Towards Variable and Coordinated Holistic Co-Speech Motion Generation

2404.00368

Published 4/16/2024 by Yifei Liu, Qiong Cao, Yandong Wen, Huaiguang Jiang, Changxing Ding

Towards Variable and Coordinated Holistic Co-Speech Motion Generation

Abstract

This paper addresses the problem of generating lifelike holistic co-speech motions for 3D avatars, focusing on two key aspects: variability and coordination. Variability allows the avatar to exhibit a wide range of motions even with similar speech content, while coordination ensures a harmonious alignment among facial expressions, hand gestures, and body poses. We aim to achieve both with ProbTalk, a unified probabilistic framework designed to jointly model facial, hand, and body movements in speech. ProbTalk builds on the variational autoencoder (VAE) architecture and incorporates three core designs. First, we introduce product quantization (PQ) to the VAE, which enriches the representation of complex holistic motion. Second, we devise a novel non-autoregressive model that embeds 2D positional encoding into the product-quantized representation, thereby preserving essential structure information of the PQ codes. Last, we employ a secondary stage to refine the preliminary prediction, further sharpening the high-frequency details. Coupling these three designs enables ProbTalk to generate natural and diverse holistic co-speech motions, outperforming several state-of-the-art methods in qualitative and quantitative evaluations, particularly in terms of realism. Our code and model will be released for research purposes at https://feifeifeiliu.github.io/probtalk/.

Get summaries of the top AI research delivered straight to your inbox:

Overview

This paper presents a novel approach to generating coordinated and variable co-speech motion for virtual characters.
The method aims to produce more natural and realistic motions that are synchronized with speech.
The research explores techniques for generating diverse and expressive non-verbal behaviors that enhance the realism of virtual characters.

Plain English Explanation

This paper describes a new way to create animated virtual characters that move and gesture in a more natural and lifelike way when they speak. The researchers developed a system that can generate a wide range of different movements and body language that match up with the speech being delivered.

The goal is to make virtual characters, such as those found in video games, movies, or virtual assistants, appear more human-like and engaging when they interact with users. By using this approach, the characters can perform a diverse set of coordinated motions that feel spontaneous and in sync with their speech, rather than looking stiff or unnatural.

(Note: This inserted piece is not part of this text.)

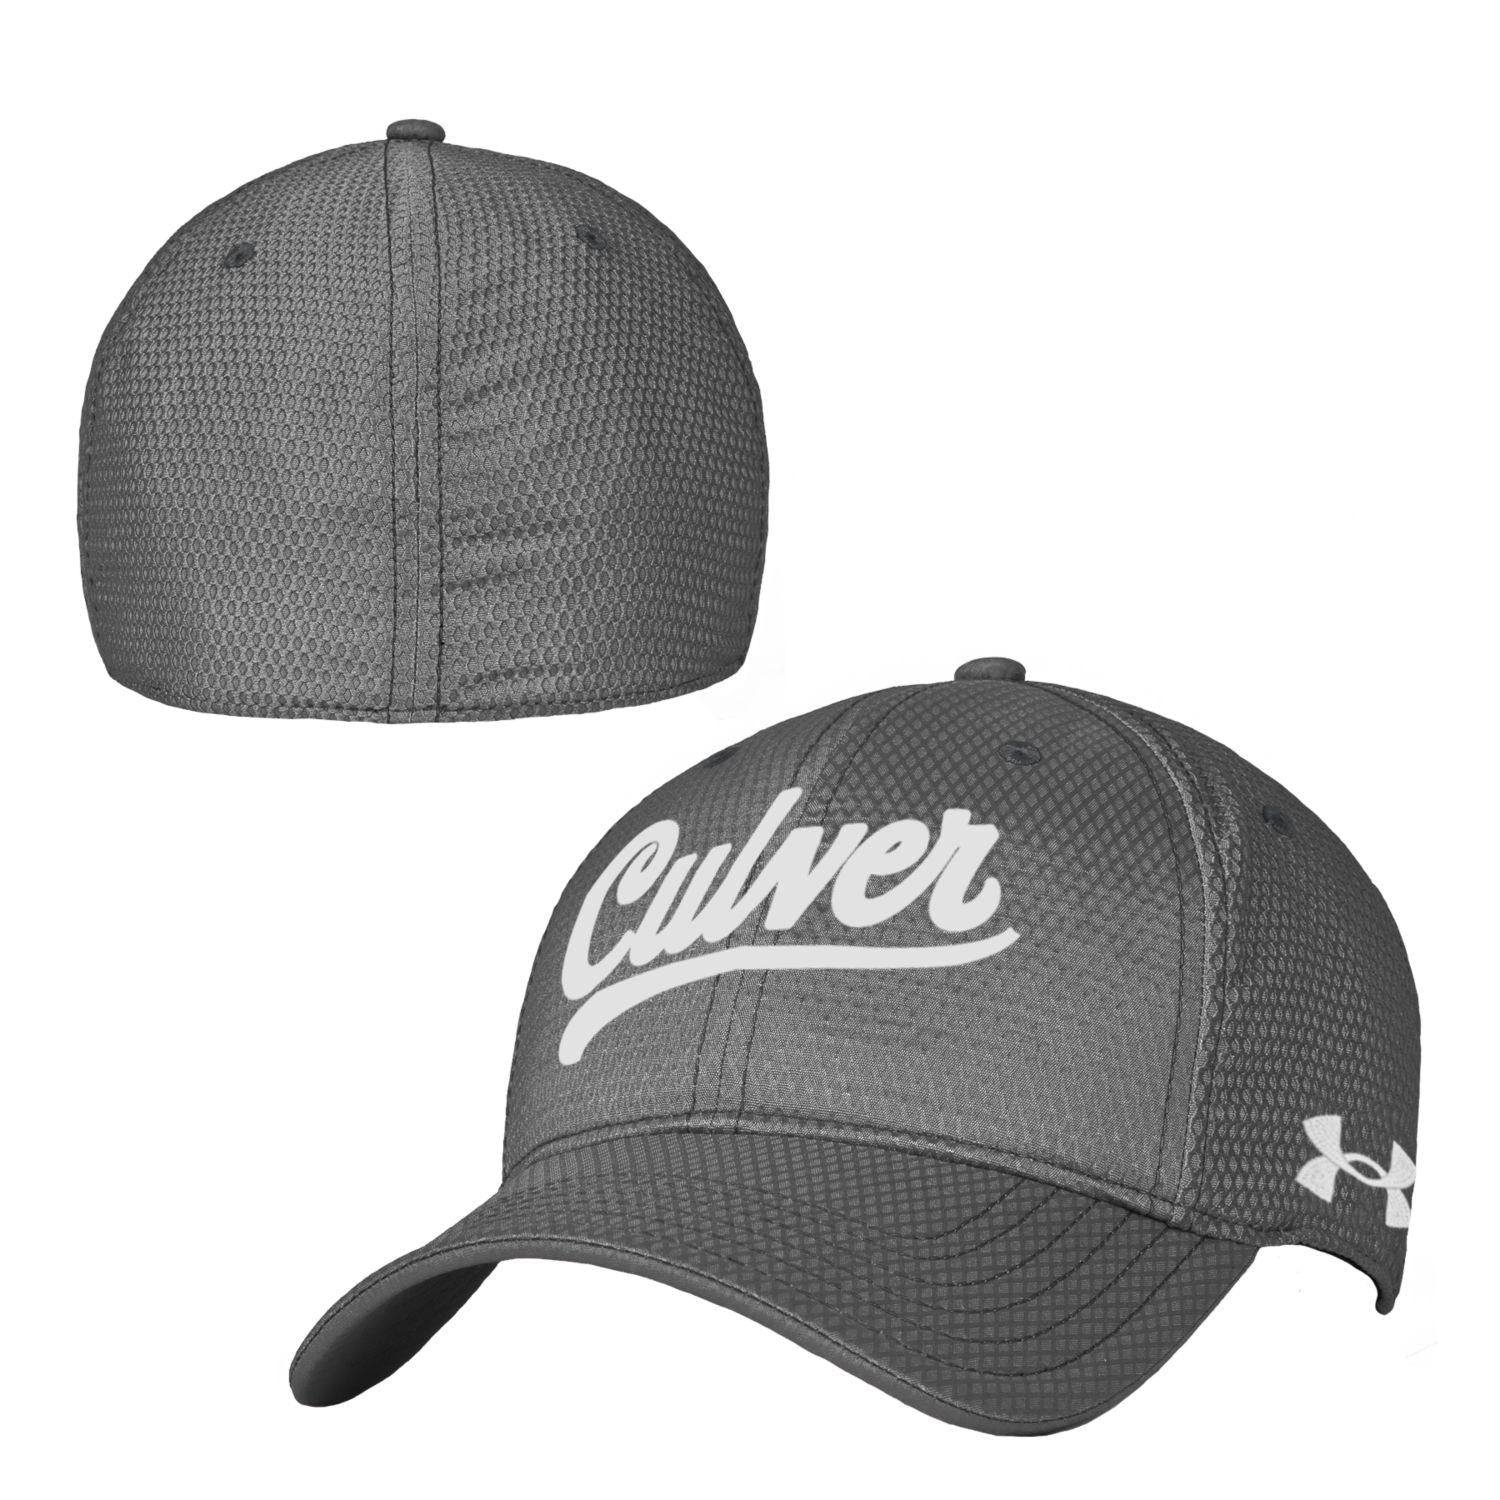 Under Armour Culver Zone Stretch Fit Hat - Pitch Grey

The key innovation is the ability to generate variable and expressive non-verbal behaviors that complement the character's speech in a coherent way. This helps to create more realistic and immersive virtual experiences.

Technical Explanation

The paper proposes a new framework for generating co-speech motion that aims to produce more natural and varied movements synchronized with speech. The approach uses a multi-stage neural network architecture that first extracts relevant features from the speech input, then generates a sequence of full-body motion that corresponds to the speech.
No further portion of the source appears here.